The present invention relates to a yarn winding apparatus for winding a high speed running yarn or the like onto a bobbin tube to form a wound yarn package. The invention is particularly adapted for winding synthetic fibers, such as newly spun and/or drawn multifilament yarns, into packages.

Winding apparatus of the described type typically comprise a winding spindle which coaxially supports one or more bobbin tubes, and a traversing device mounted on a slide above the winding spindle. The winding spindle and slide are movable relative to each other to accommodate the build of the package. This relative movement is preferably achieved by mounting the winding spindle at a fixed location to a frame, while the slide and thus the traversing device is movable relative thereto.

German Offenlegungsschrift No. 20 39 772 describes a winding apparatus in which the traversing device is mounted on a support arm which is part of the slide. The slide is guided along a straight path in an essentially vertical direction, and such that the traversing device is able to move away from the spindle as the diameter of the package being formed on the spindle increases. The weight of the slide and its supporting arm is fully or partly compensated by a force transmitting device, which comprises a pneumatic cylinder piston unit.

It is desirable to be able to form as many packages as possible on the winding spindle, such as for example four packages from four spun yarns leaving a spinning nozzle. It is also desirable to wind as much yarn as possible on each tube, in order to produce the largest possible packages.

It is accordingly an object of the present invention to provide an improved winding apparatus, of the type comprising a winding spindle and an overlying slide support arm which mounts a yarn traversing device, and wherein the support arm is movable with respect to the winding spindle and is maintained parallel to the winding spindle, so that all packages may be uniformly built and preferably have a uniform length.

It is also an object to provide a yarn winding apparatus of the described type where there is low friction between the movement of the slide and its mounting structure so that the slide may withdraw as the packages build without "sticking".

It is a further object of the present invention to provide a yarn winding apparatus of the described type wherein the mounting structure for the slide is subject to only relatively small moment forces caused by the weight of the outwardly extending support arm, to thereby facilitate relative sliding movement between the slide and frame, and further, wherein only one force transmitting device need be employed and which is subject to only small friction forces.

These and other objects and advantages of the present invention are achieved in the embodiments illustrated herein by the provision of a yarn winding apparatus which includes a frame, a winding spindle having one end thereof rotatably mounted to the frame, and a slide comprising an end portion and an outwardly extending support arm which mounts a yarn traverse means.

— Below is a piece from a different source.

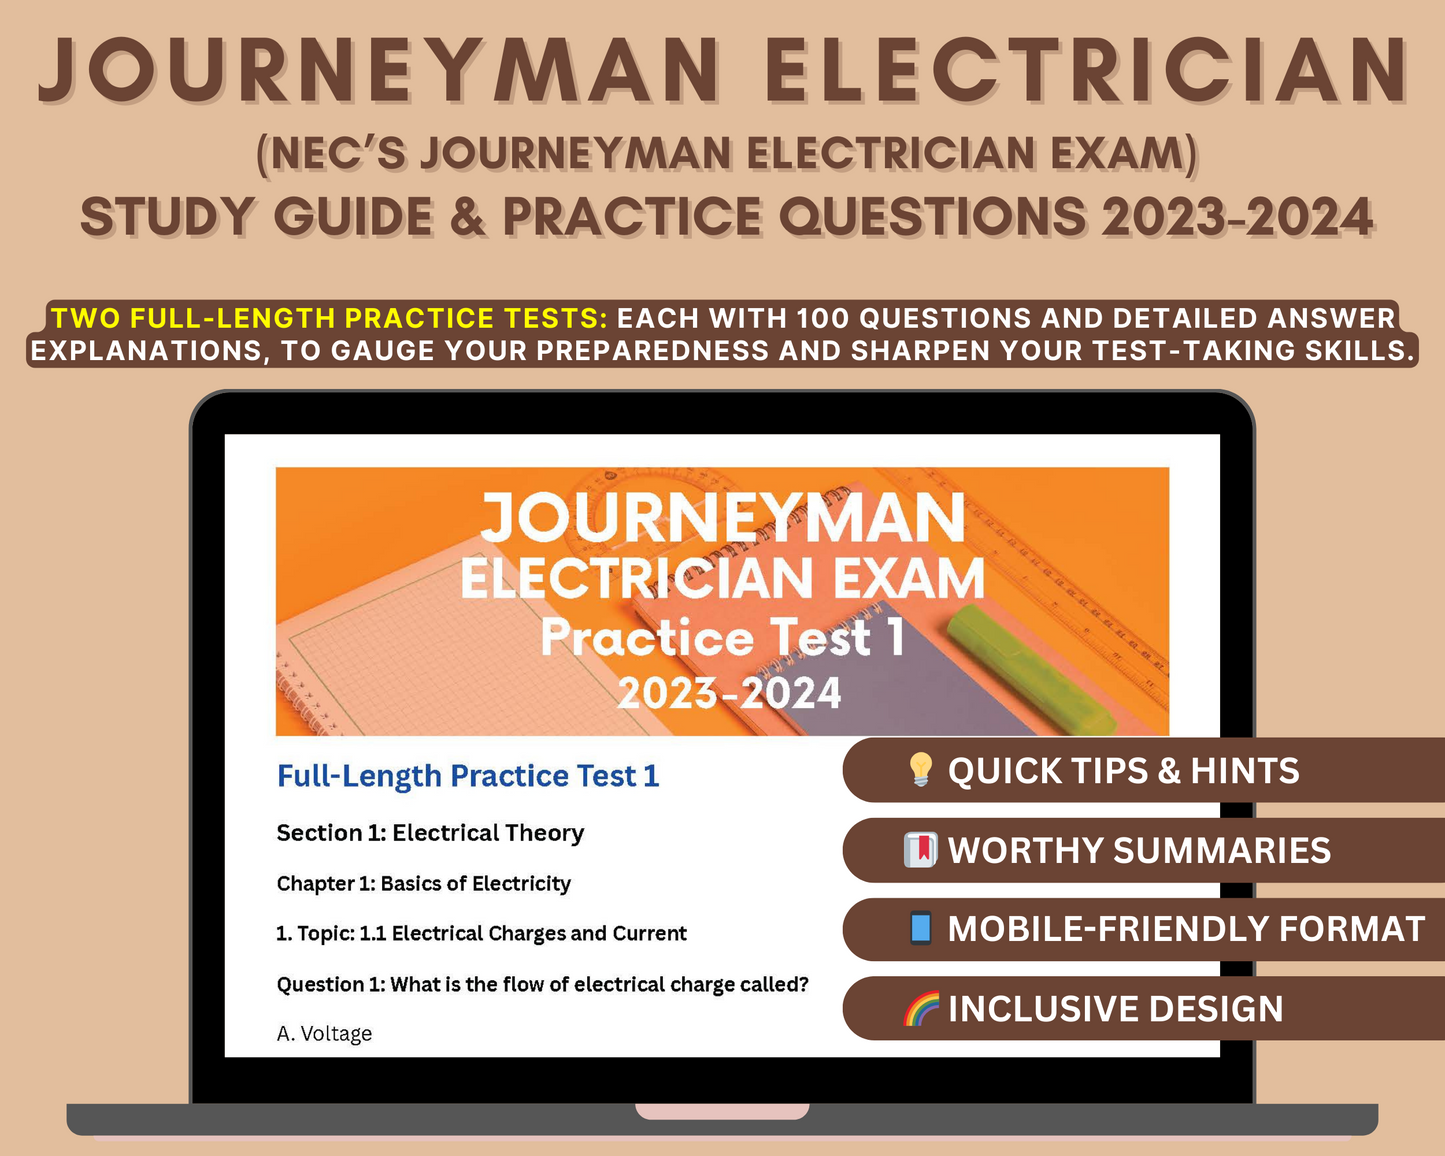 Journeyman Electrician Exam Prep 2023-24: In-Depth Content Review, Practice Tests & Exam Tips for Aspiring Electricians!
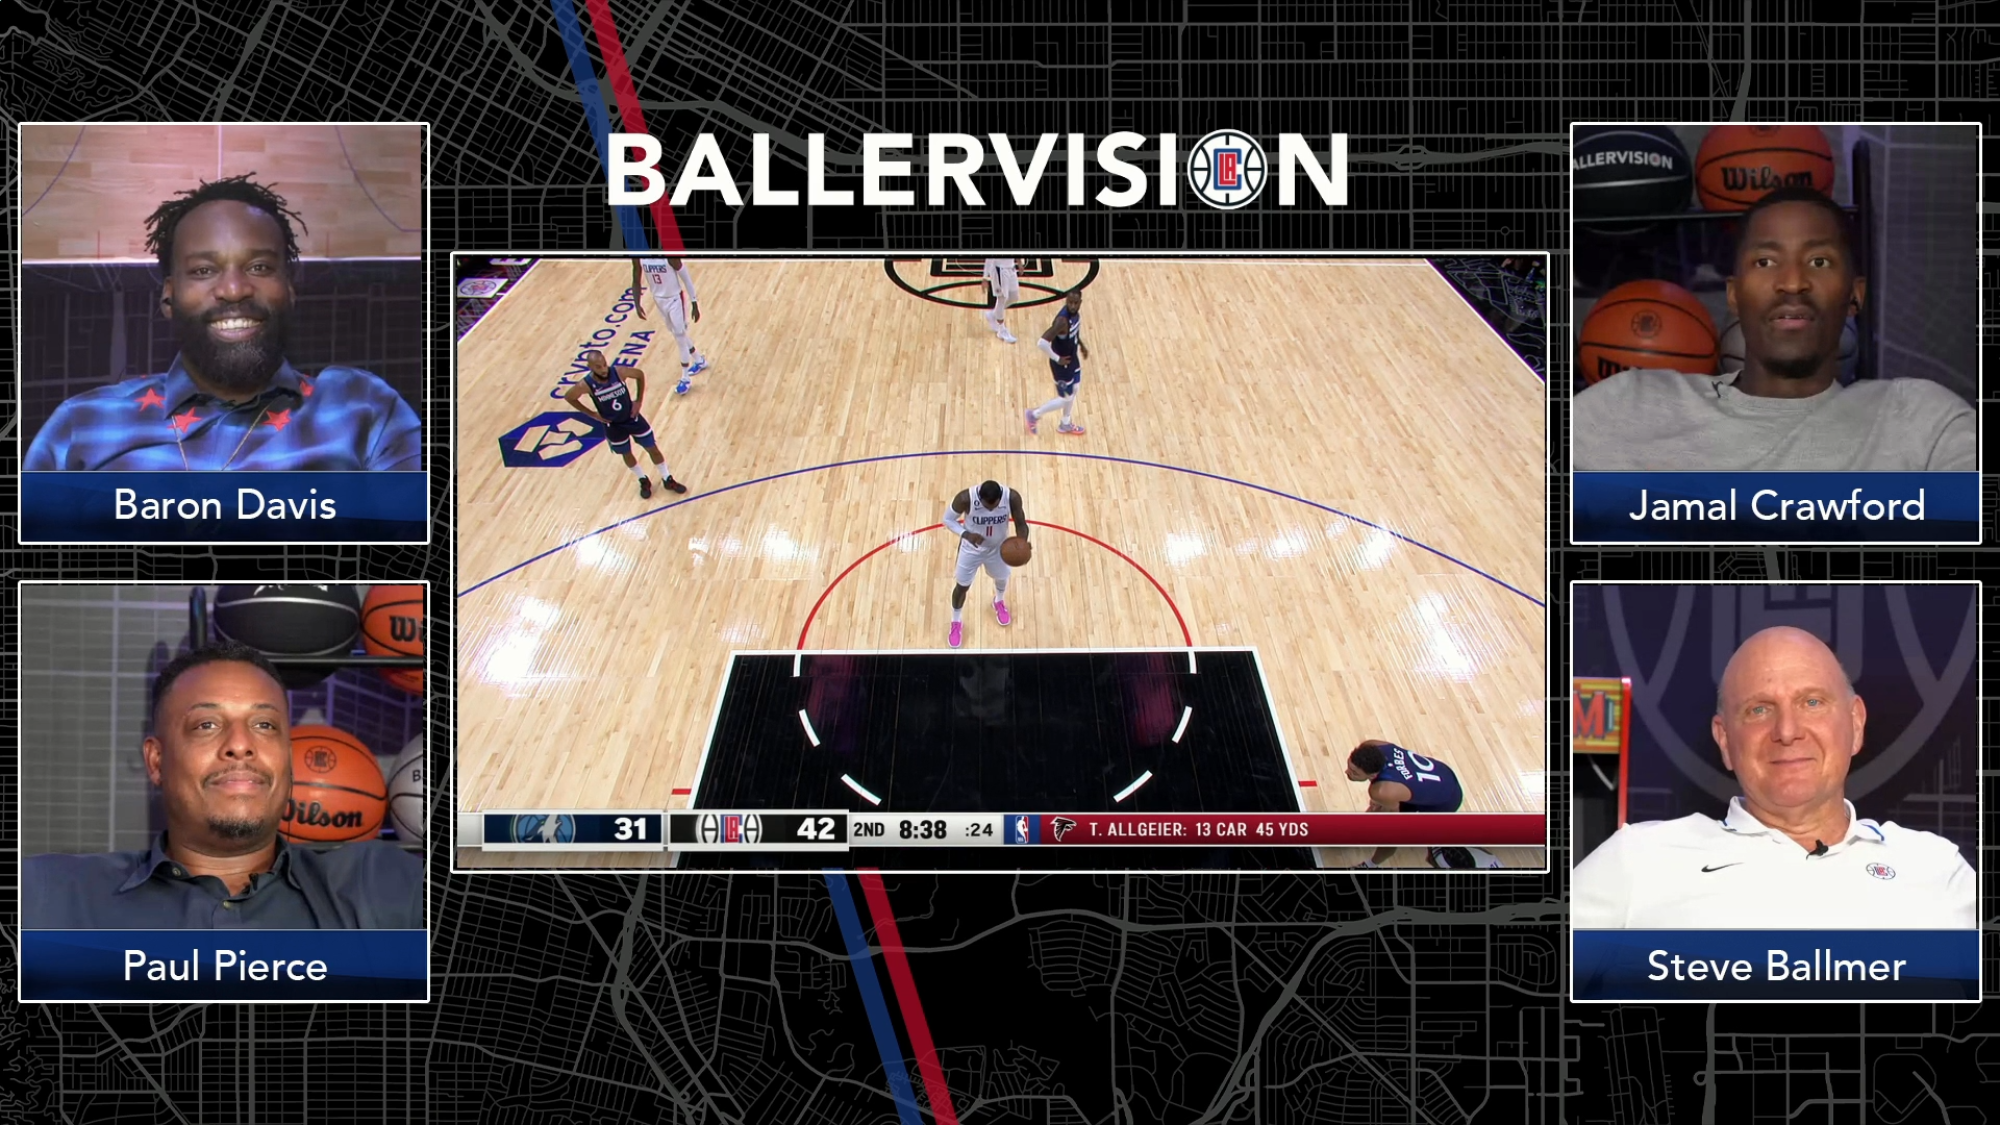 A view of how basketball fans can watch a BallerVision broadcast with panelists providing commentary on the game.

In a preferred embodiment, the slide also mounts drive roll means adapted to operatively engage and rotate the bobbin tubes and packages formed thereon. Means are also provided for mounting the end portion of the slide to the frame with the support arm thereof overlying the spindle, and so as to permit relative sliding movement between the slide and the frame to accommodate the build of a package of each of the tubes mounted on the spindle. In addition, the apparatus includes force transmitting means supportingly engaging the slide at a medial location along the length of the support arm, to support at least a substantial portion of the weight of the slide and thereby minimize the moment force acting upon the mounting means resulting from the weight of the slide, and facilitate relative sliding movement between the slide and frame.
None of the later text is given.